Saying that the phrase “commencement of trial” in §581 “has been interpreted to include pretrial rulings” that dispose of the plaintiffs’ claims, he remarked that “[p]rior decisions…make clear that a voluntary dismissal, which is filed with and entered by the clerk, constitutes” a ministerial as opposed to a judicial act.

The jurist wrote:

“Because the Maniagos filed their dismissal before the time to amend had expired, that ruling cannot be said to have foreclosed any of those claims….And that order plainly had no effect on (let alone foreclosed) Maniago’s negligence claim or Geneanne’s loss of consortium claim, which were not impacted by the demurrer ruling in any way.”

He continued:

“The trial court’s second order struck some forms of recovery that the Maniagos had requested in their complaint, including punitive damages and attorney fees. Like the demurrer order, the trial court’s decision to preclude certain forms of recovery did not dispose of any claims in the pleadings. Instead, it merely limited the scope of the Maniagos’ potential recovery were they to ultimately prevail on any of their claims.”

Under those circumstances, the jurist opined:

“[T]he voluntary dismissal operated to terminate each of the dismissed claims (which in this case amounted to the entire action), thus forfeiting the right to challenge any orders the court issued prior to the entry of dismissal.”

One Final Judgment

Reasoning that “allowing an appeal under the circumstances presented here would violate the principles of the one final judgment rule,” Groban said:

“Any subsequent rulings the trial court might make regarding Maniago’s negligence claim or Geneanne’s loss of consortium claim—which have not yet been adjudicated—might necessitate additional rounds of appeals that could have been avoided had the Maniagos simply awaited a final judgment in the matter.”

He noted that “there were multiple ways they could have sought expedited review of the court’s interlocutory orders, saying that “they could have filed a petition for writ of mandate” or sought “a judgment on the claims that were subject to the demurrer order and then abandon the claims that were not subject to that order through a voluntary dismissal.”

Groban acknowledged that the latter option “would have required” the plaintiffs to “abandon their claims for negligence and loss of consortium” but said that the choice would still present a viable path to obtain expedited review.

He commented that the court disapproves of two decisions by this district, the 2015 opinion by Div. Four in Flowers v.

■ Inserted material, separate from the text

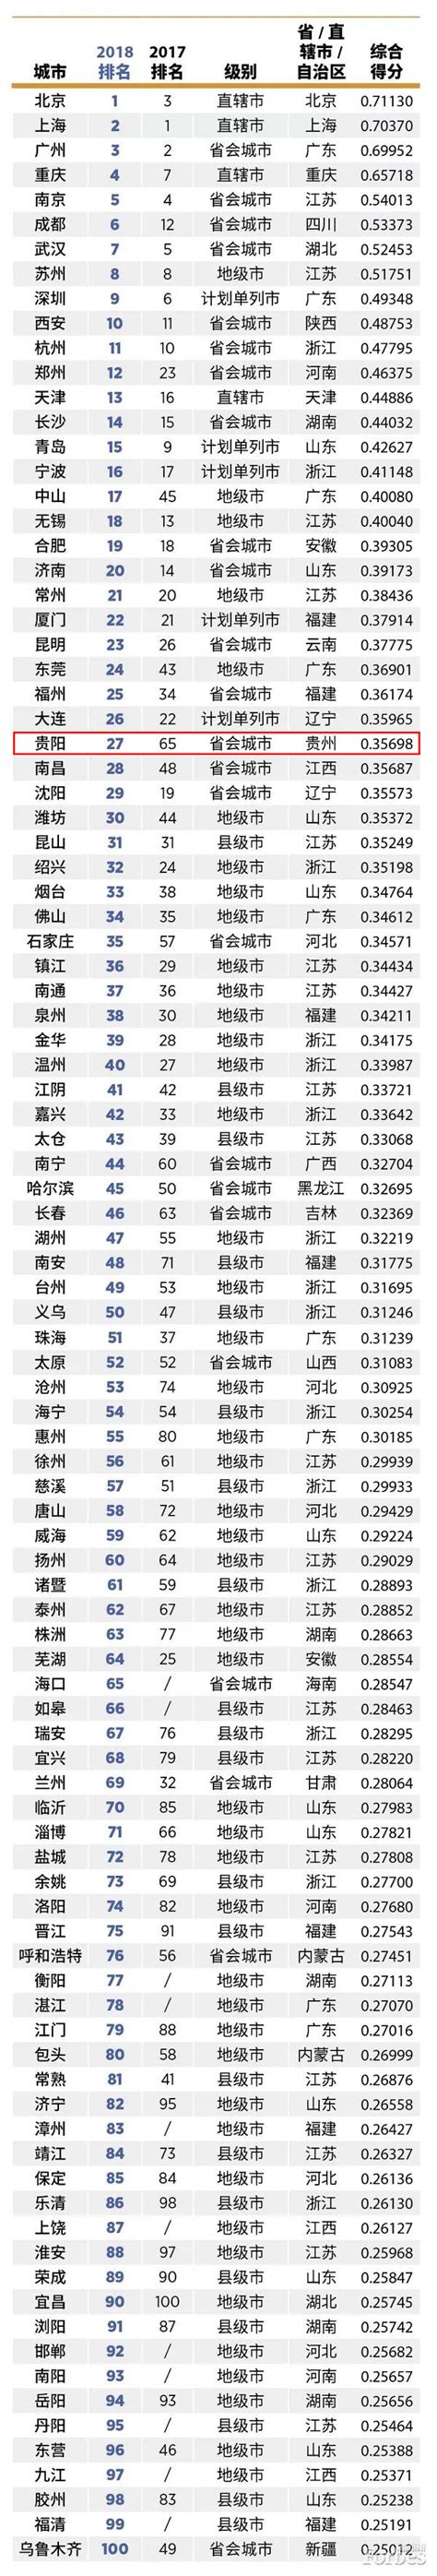 2018年“中国大陆最佳商业城市”榜单发布 贵阳排名27 较去年上升38名 - 当代先锋网 - 要闻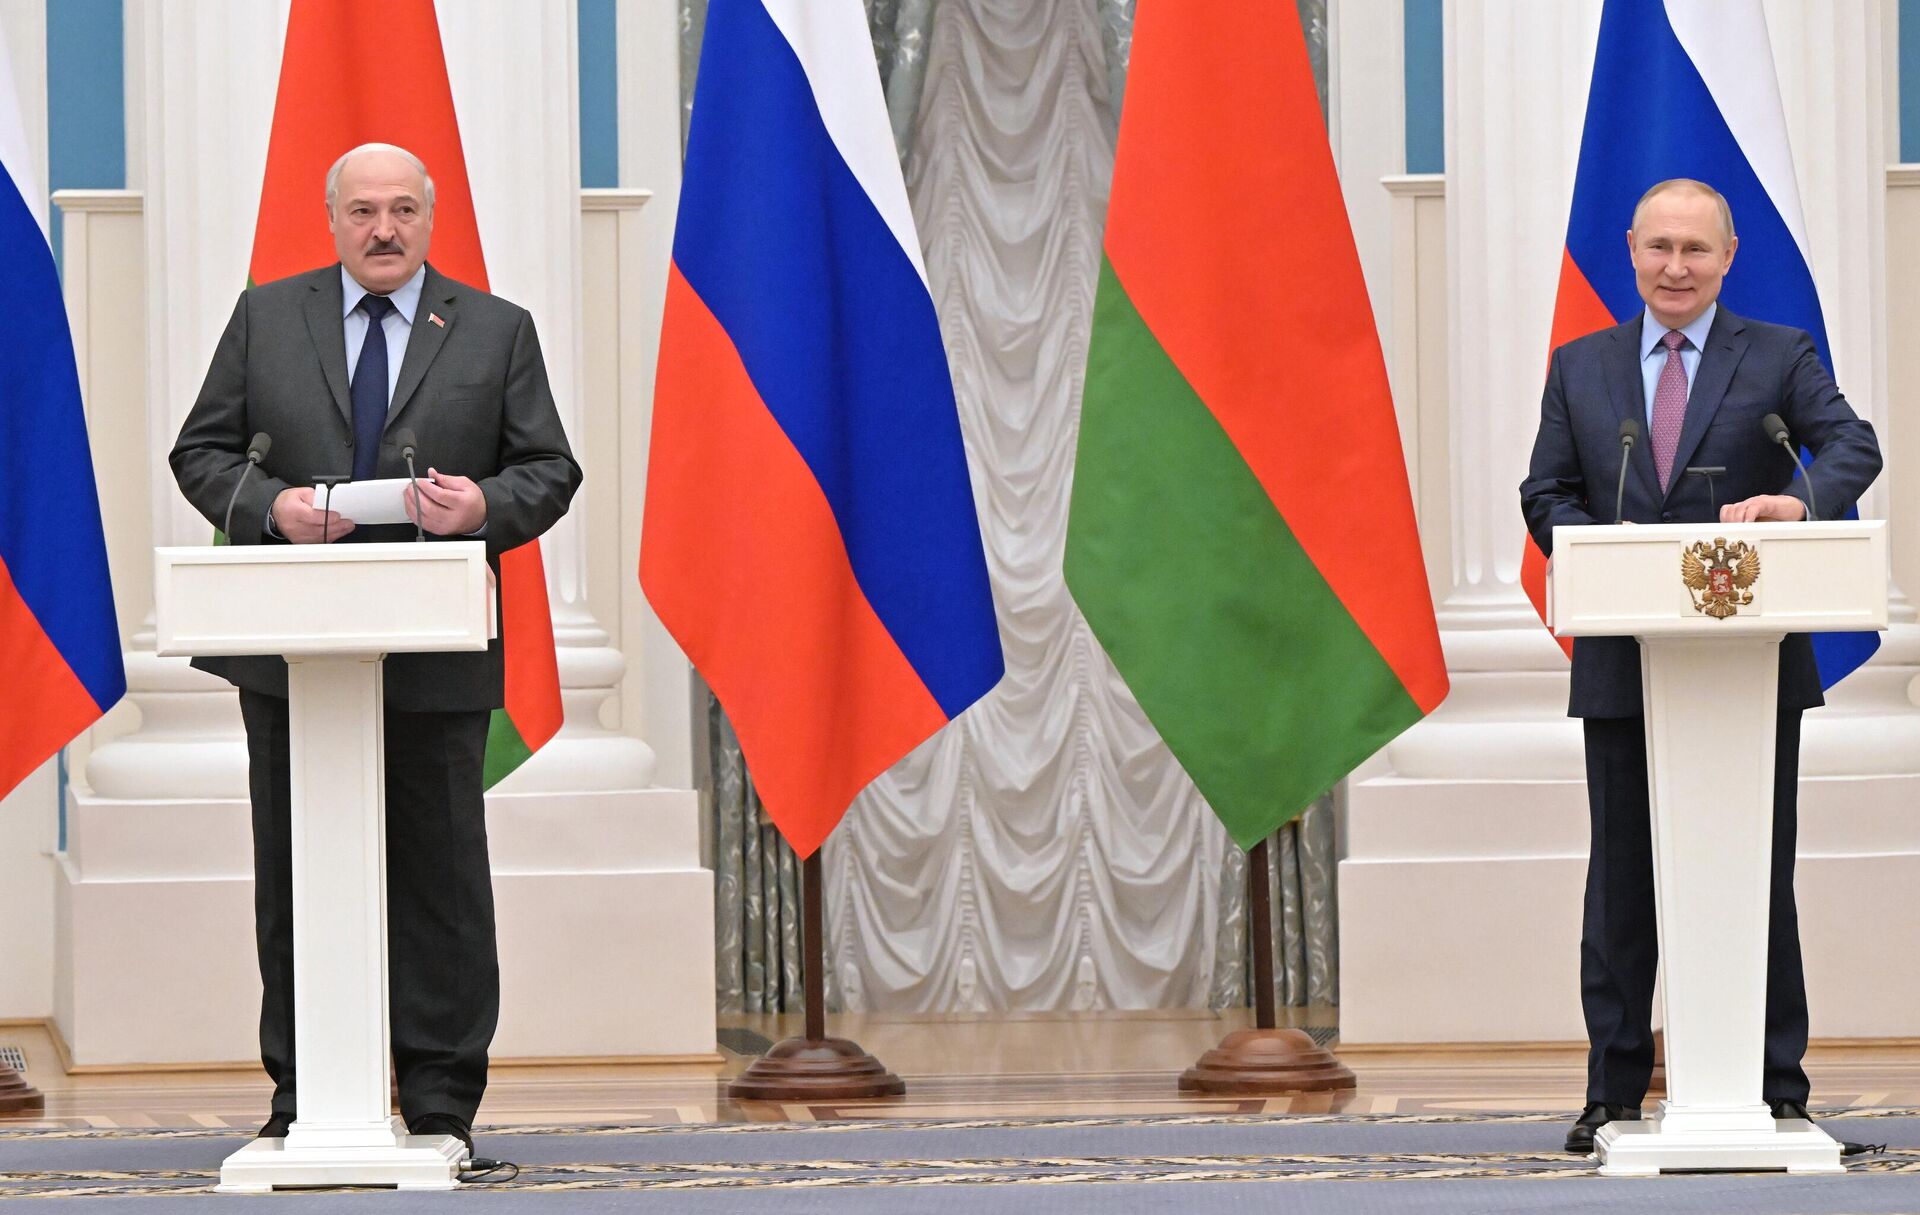 Президент РФ Владимир Путин и президент Беларуси Александр Лукашенко провели переговоры в Москве, 18 февраля 2022 - Sputnik Латвия, 1920, 18.02.2022

Prasad and the 2012 case of Austin v. Valverde, decided by Div. Eight, to the extent they “held that a plaintiff may appeal from a voluntary dismissal that is filed after entry of an interlocutory order that does not foreclose the action.” In a footnote, he wrote:

“We also disapprove of language in [the 2001 decision by this district’s Div. Four in] Stewart v. Colonial Western Agency, Inc.,…stating that ‘appellate courts treat a voluntary dismissal with prejudice as an appealable order if it was entered after an adverse ruling by the trial court in order to expedite an appeal of the ruling.’ ”

The case is Maniago v. Desert Cardiology Consultants’ Medical Group Inc., 2026 S.O.S. 2067.